• WHAT THE EXERCISE ASKS: For the data below, retype word for word the lines from the one containing "Fitzleroi Fittleworth petworth" through the one containing "WMR Commercial Roof Repair"; drop the pictures.

• INFORMATION:
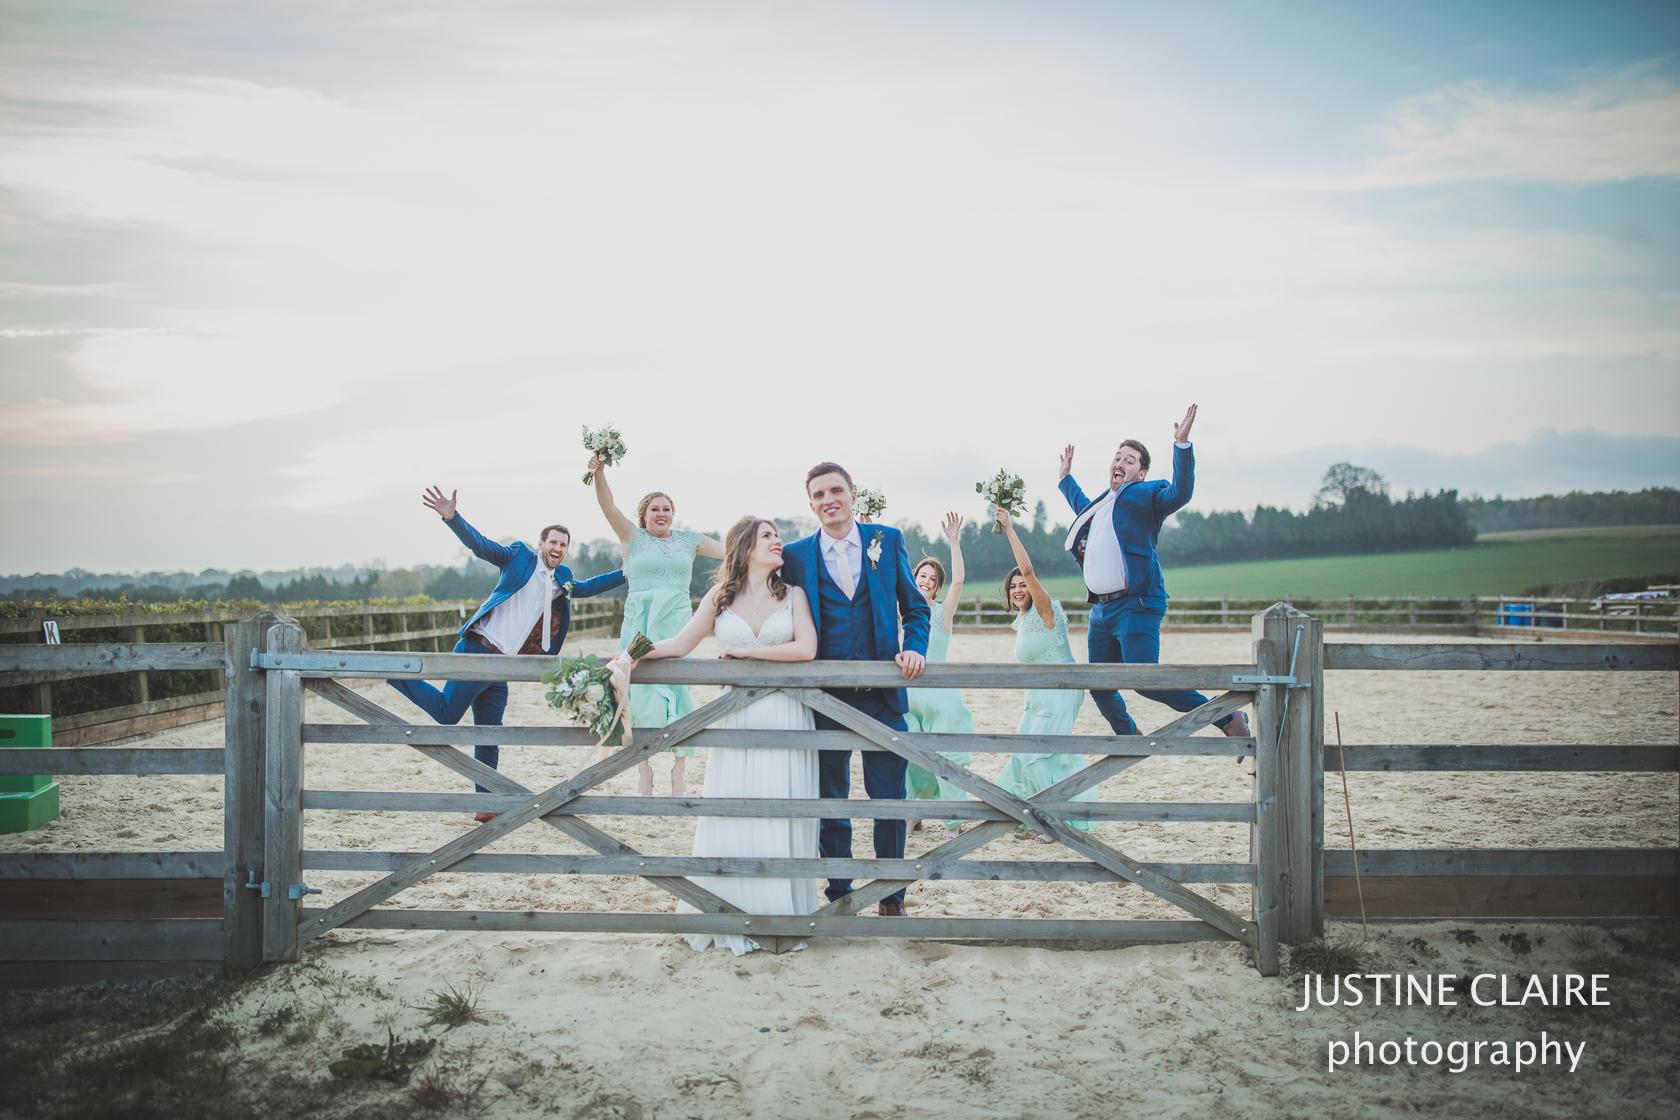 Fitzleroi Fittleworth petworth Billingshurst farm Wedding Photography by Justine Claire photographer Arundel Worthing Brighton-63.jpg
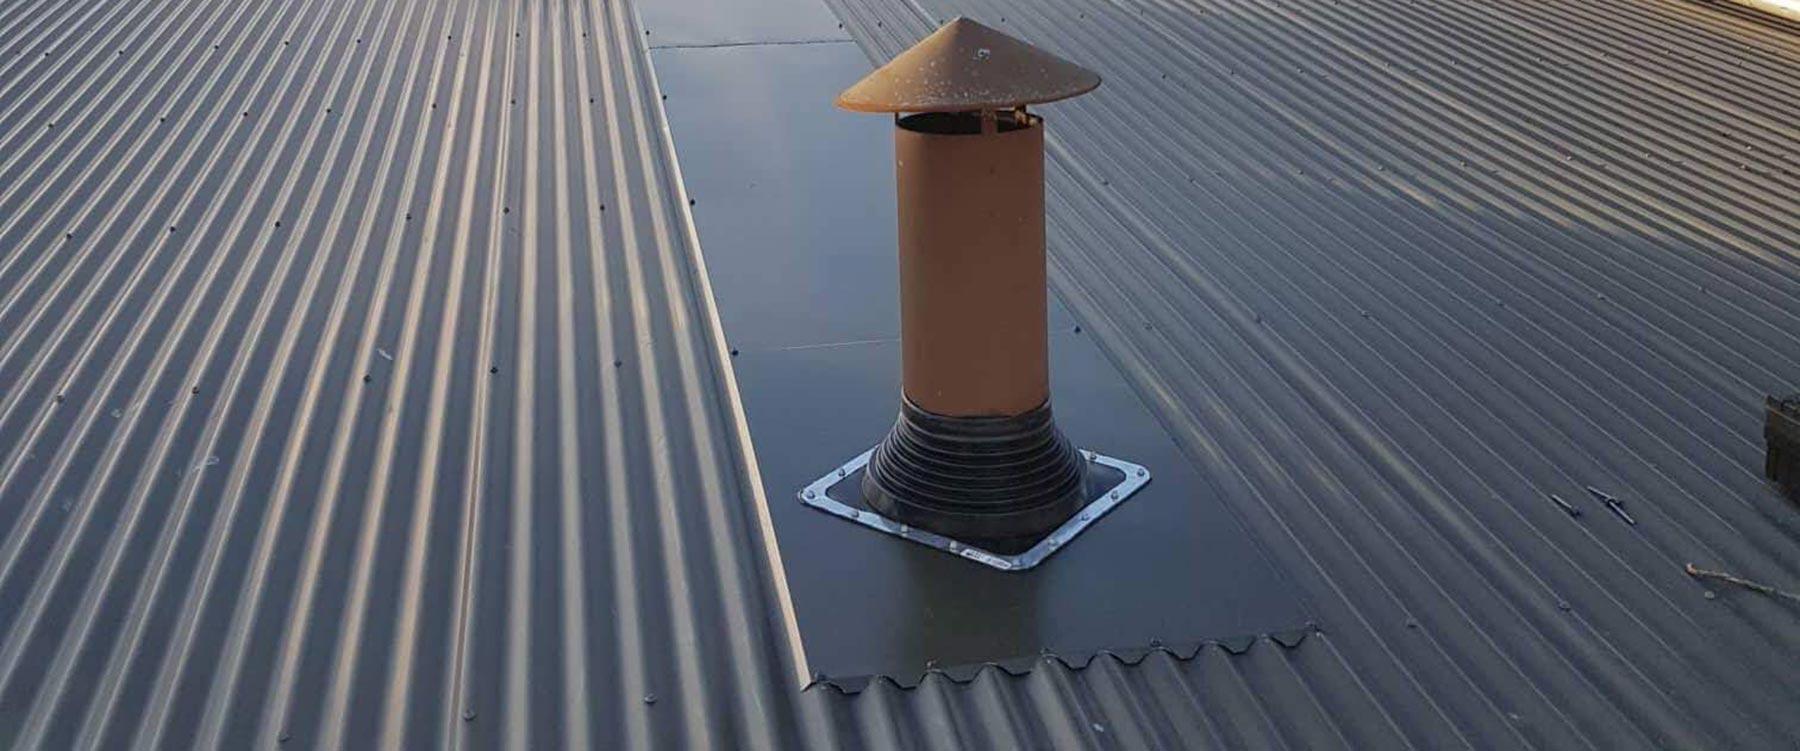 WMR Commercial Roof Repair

--

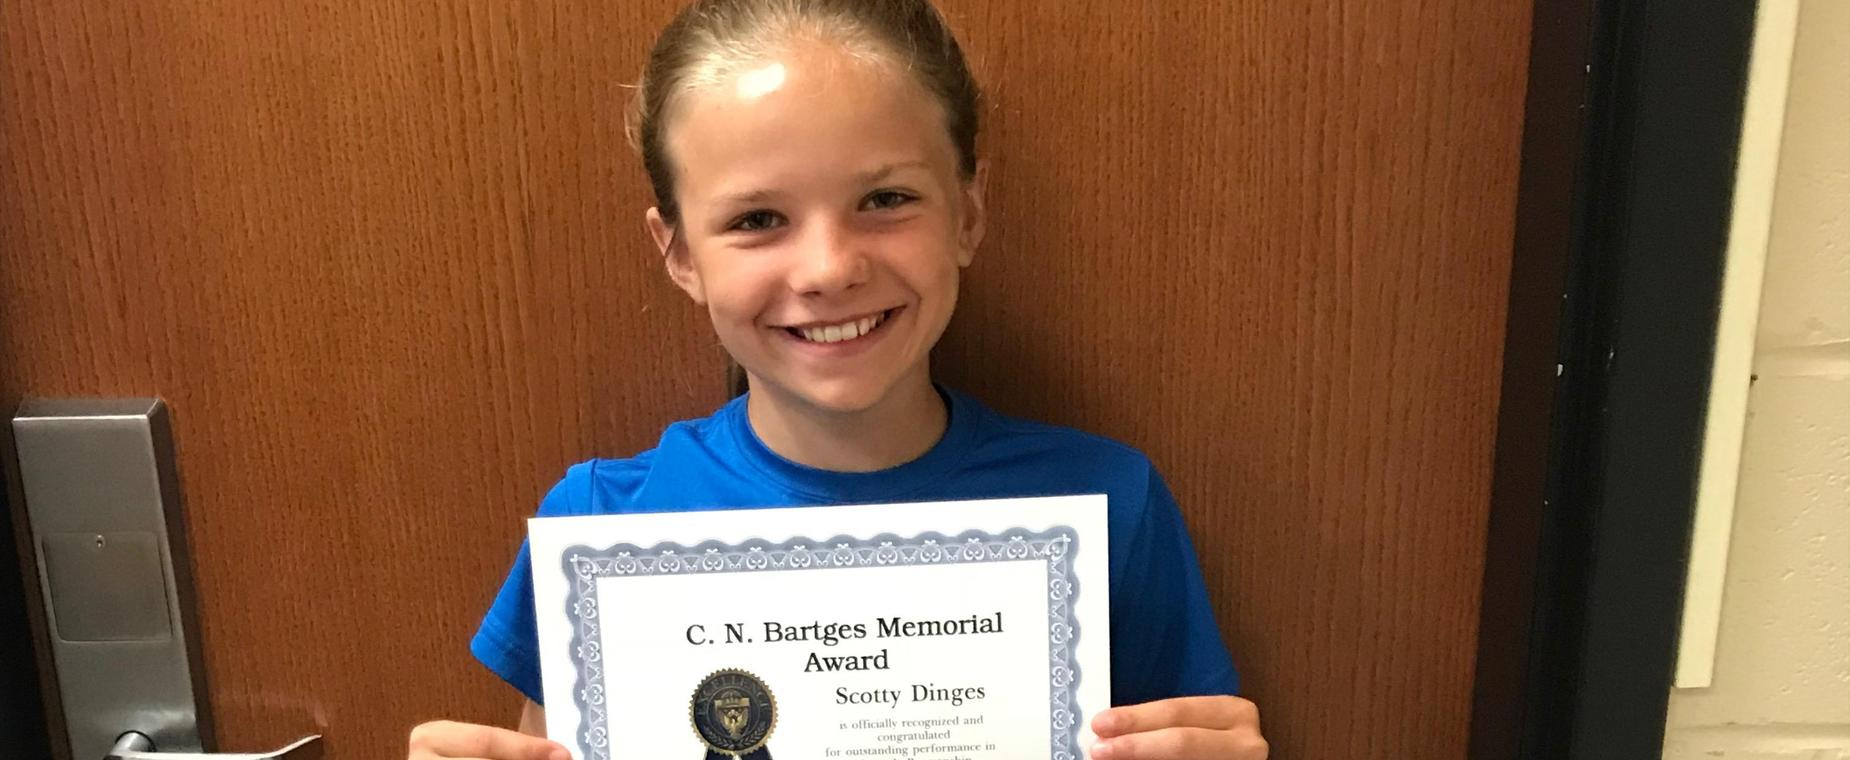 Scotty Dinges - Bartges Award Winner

• ANSWER BELOW:
 Fitzleroi Fittleworth petworth Billingshurst farm Wedding Photography by Justine Claire photographer Arundel Worthing Brighton-63.jpg
 WMR Commercial Roof Repair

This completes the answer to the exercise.